We evaluate model performance using AUC. Importantly, becoming pregnant is inherently a somewhat random process: it is impossible to guarantee a woman will become pregnant in a particular cycle. Consequently, achieving a very high AUC on our task is unlikely to be feasible, and we would not expect AUC to be very high. Nonetheless, we report AUC because it is a standard metric. As a second metric, we compare the probability ppreg that a user will log a positive pregnancy test after a cycle for the users in the top 10% of predicted pregnancy probabilities and users in the bottom 10% of predicted probabilities. (Note that ppreg is the true, not the predicted, probability of a positive pregnancy test.) However, the goal of fertility counseling is not to guarantee a woman will get pregnant in a particular cycle, but rather that over some reasonable time period (eg, 6 cycles) she has a good chance of becoming pregnant if she continues her current pattern of behavior. Thus, we also compute the 6-cycle probability of becoming pregnant, assuming that each cycle contributes independently to the probability of pregnancy and that woman continues her current pattern of behavior. For example, if a woman’s single-cycle ppreg is 0.2, her six-cycle ppreg is 1 – (1 – 0.2)6.
Results.
The LSTM with user embeddings has the highest AUC (0.67) (Table 2). This model is able to meaningfully stratify users by their probability of getting pregnant: for example, the top 10% of users have an 89% chance of pregnancy over 6 cycles, whereas the bottom 10% have only a 27% chance. While the other three models have somewhat lower AUCs, all four models usefully stratify users by pregnancy probability. The BMS model slightly worsens LSTM performance, possibly because of the more restrictive assumptions of its probability model – that is, that the overall probability of not getting pregnant in a cycle is the product of the probabilities of not getting pregnant on each cycle day. This demonstrates that traditional fertility models may not yield optimal predictive performance on mobile health datasets.
Table 2:
Predictive performance of all models. The third column provides the probability a pregnancy test is positive for users in the top 10% vs bottom 10% of pregnancy risk; the fourth column provides the probability over six cycles.
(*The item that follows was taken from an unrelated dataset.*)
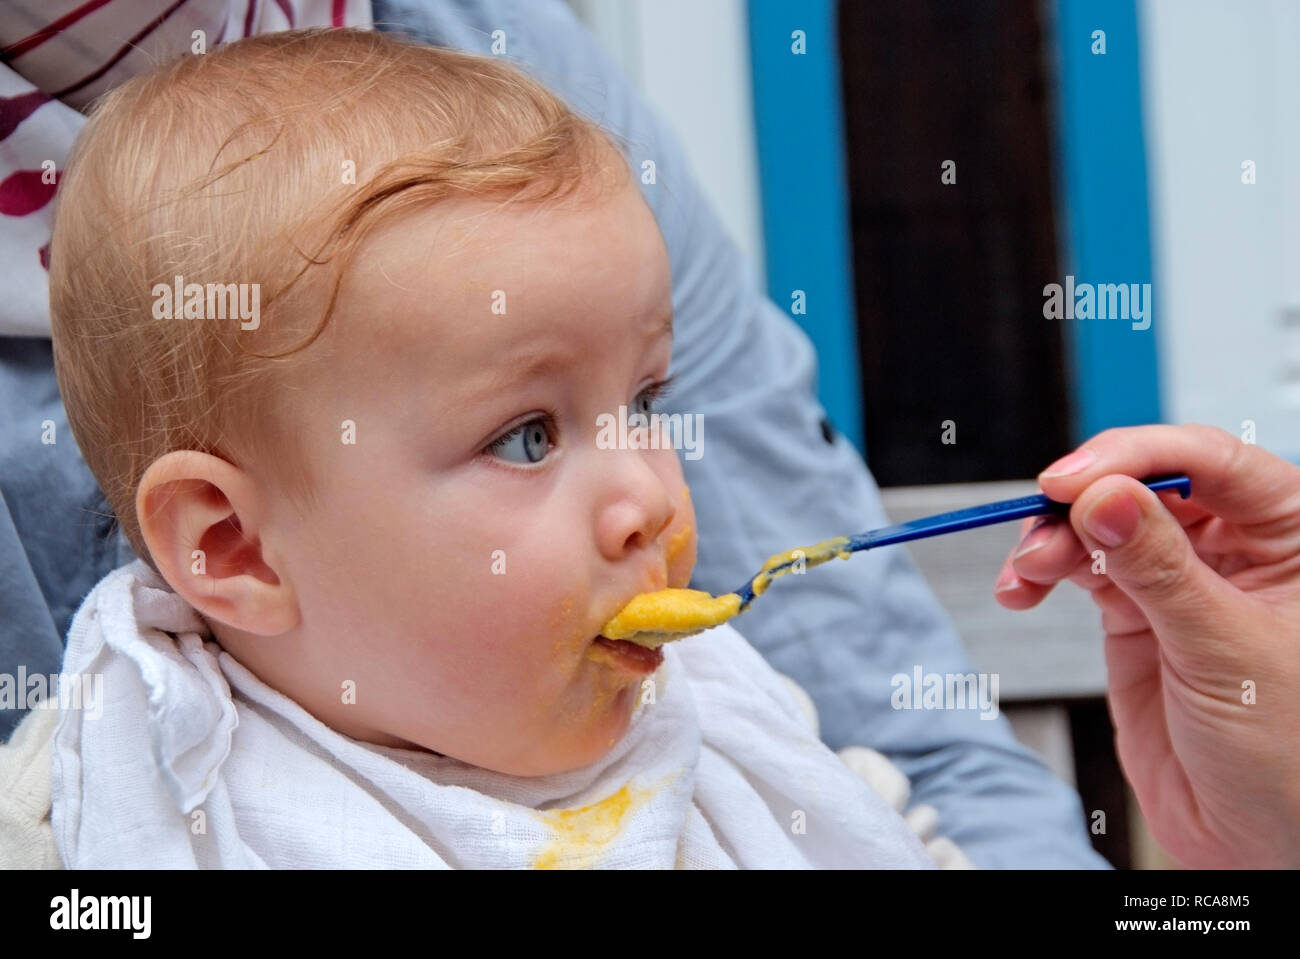 Eltern füttern ihr Baby mit Brei | parents feeding their baby wit pap Stock Photo

| Model | AUC | Single cycle ppreg | Six cycle ppreg |
|---|---|---|---|
| Logistic regression | 0.63 | 28% vs 5% | 86% vs 26% |
| LSTM | 0.65 | 30% vs 4% | 88% vs 23% |
| LSTM + BMS | 0.64 | 29% vs 4% | 87% vs 22% |
| LSTM + user embeddings | 0.67 | 30% vs 5% | 89% vs 27% |
5.2. Interpretability
We next assess whether our models learn interpretable time trends which are consistent with prior fertility research. Because sexual activity is the feature most fundamentally associated with pregnancy, we examine time trends for the three types of sex logged in Clue data: unprotected, protected, and withdrawal sex.
Interpreting the logistic regression model.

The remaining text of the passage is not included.